◆ WHAT THE TASK REQUIRES:
Please return the full listing exactly as written, with the images removed.

START COLLECTED DATA

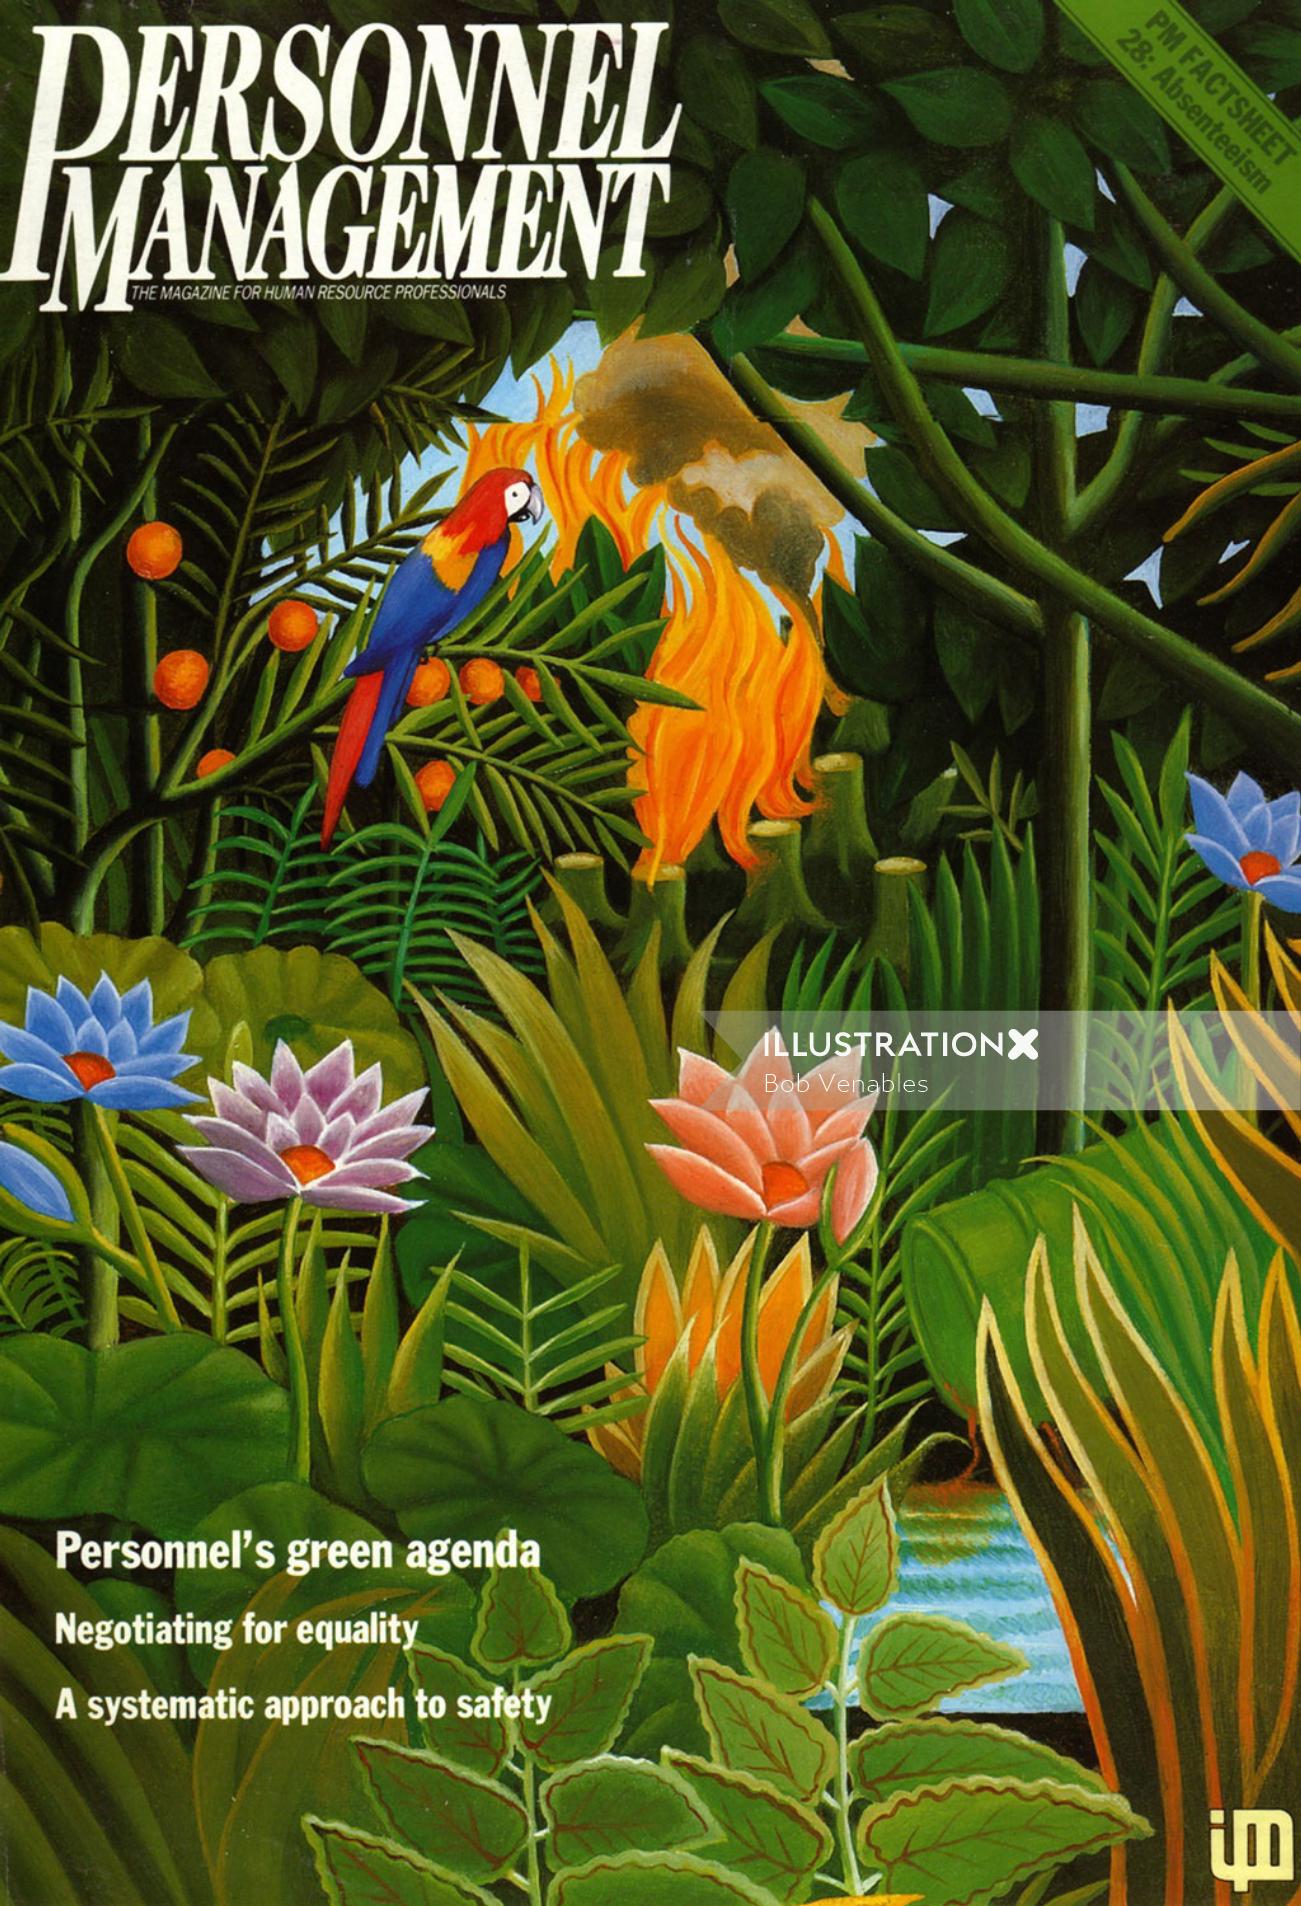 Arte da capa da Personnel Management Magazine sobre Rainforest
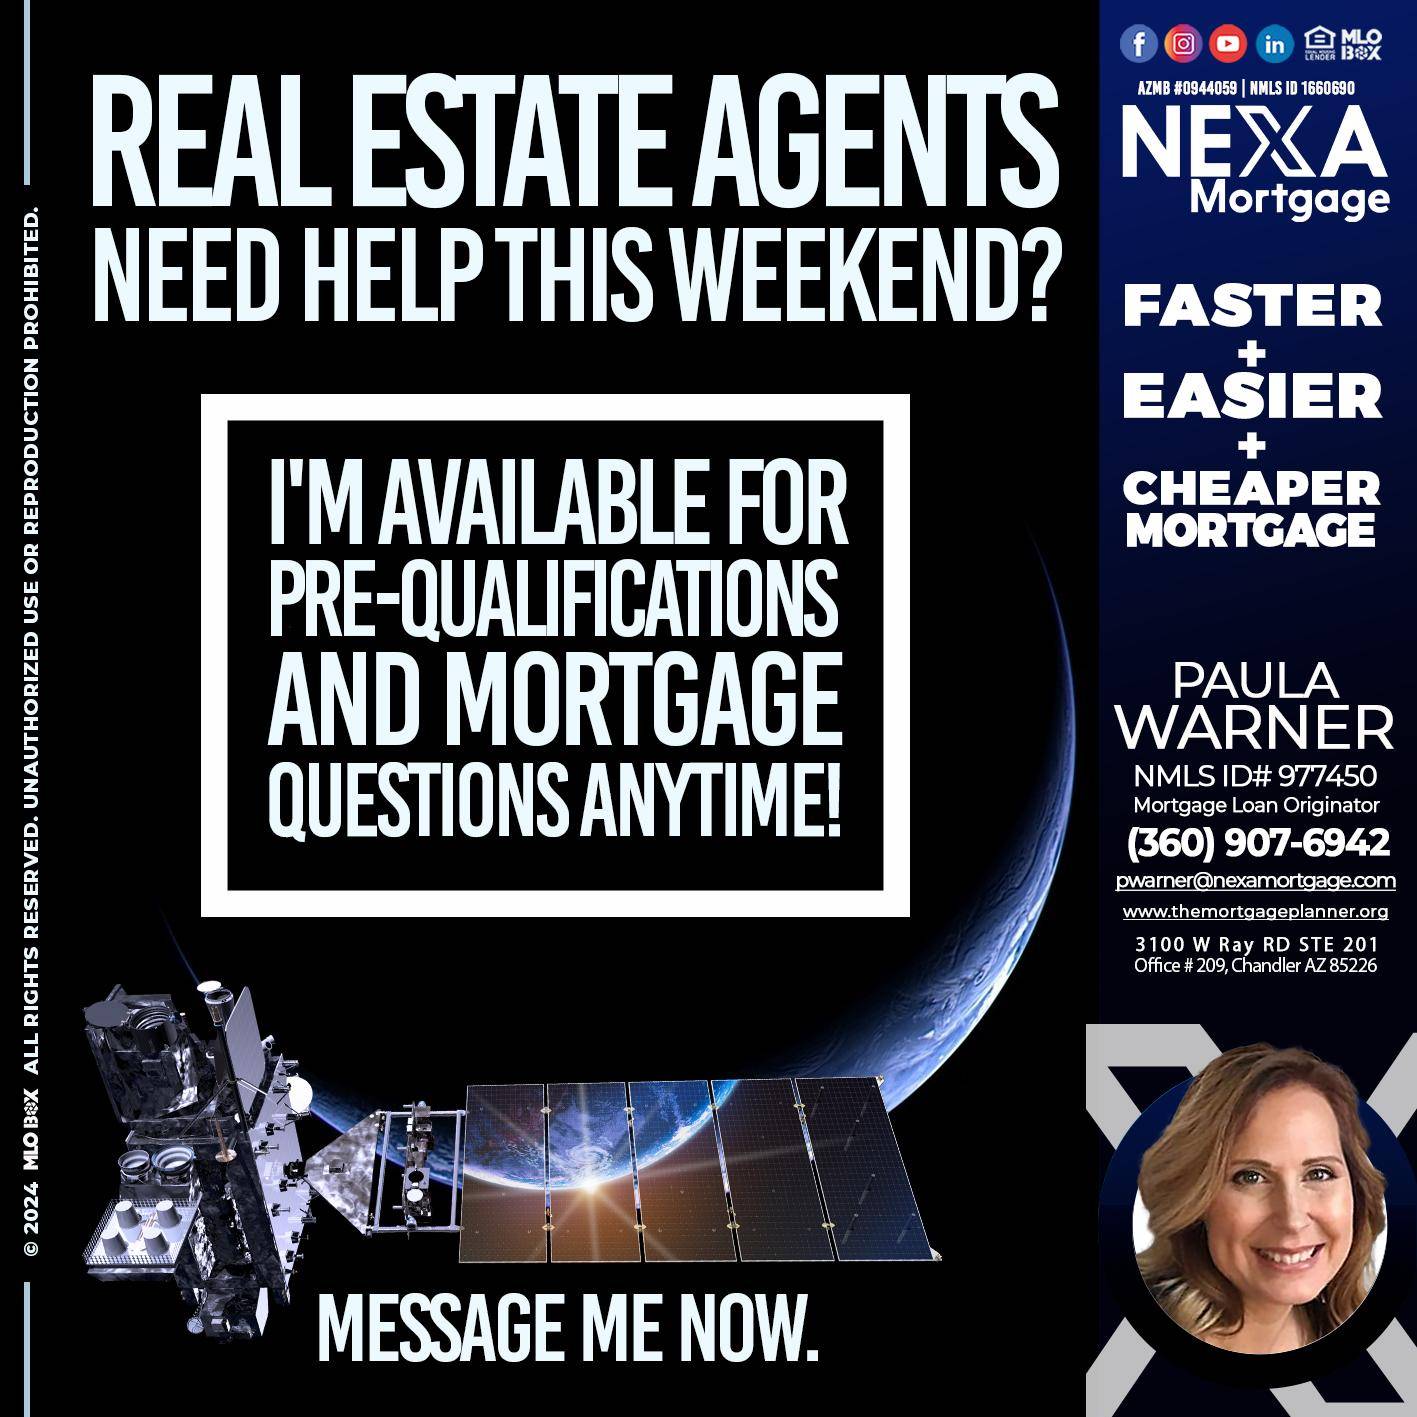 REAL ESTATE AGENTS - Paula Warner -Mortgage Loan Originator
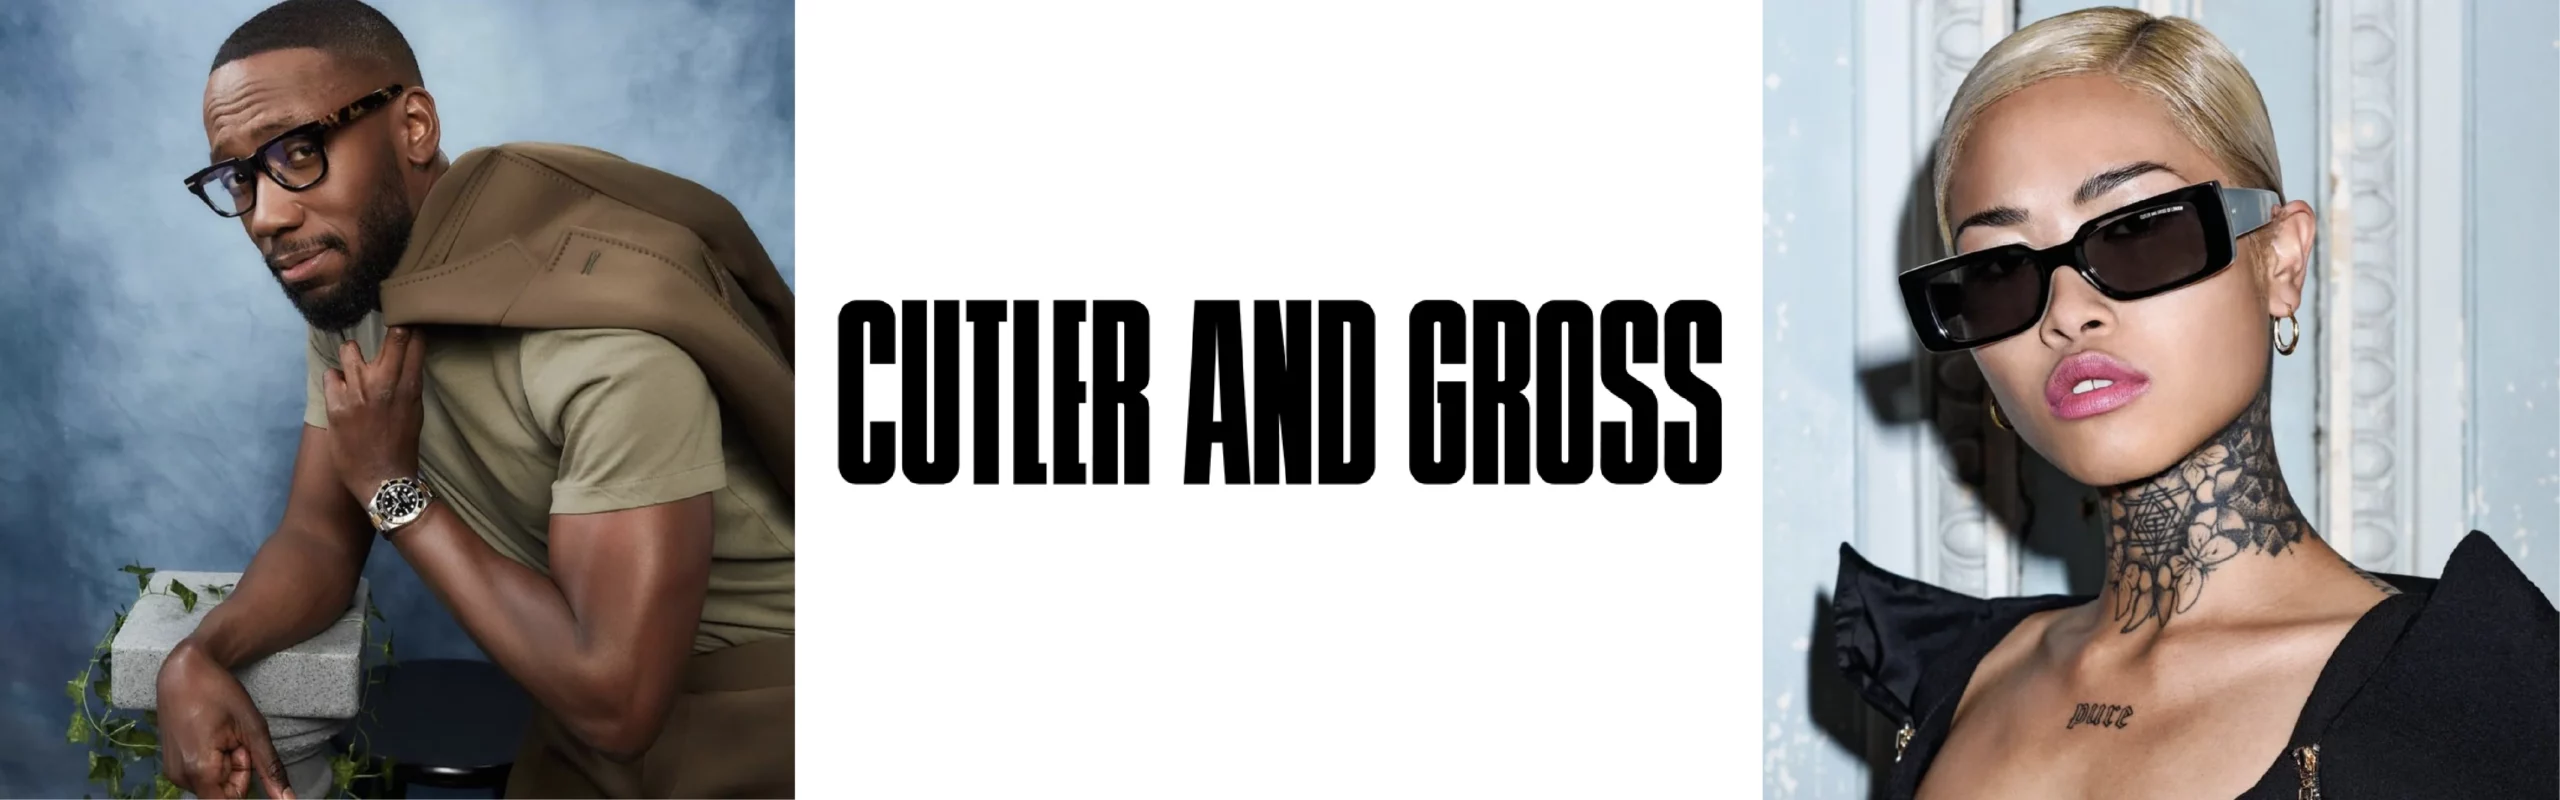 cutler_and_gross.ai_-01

END COLLECTED DATA

◆ TASK RESULT:
 Arte da capa da Personnel Management Magazine sobre Rainforest
 REAL ESTATE AGENTS - Paula Warner -Mortgage Loan Originator
 cutler_and_gross.ai_-01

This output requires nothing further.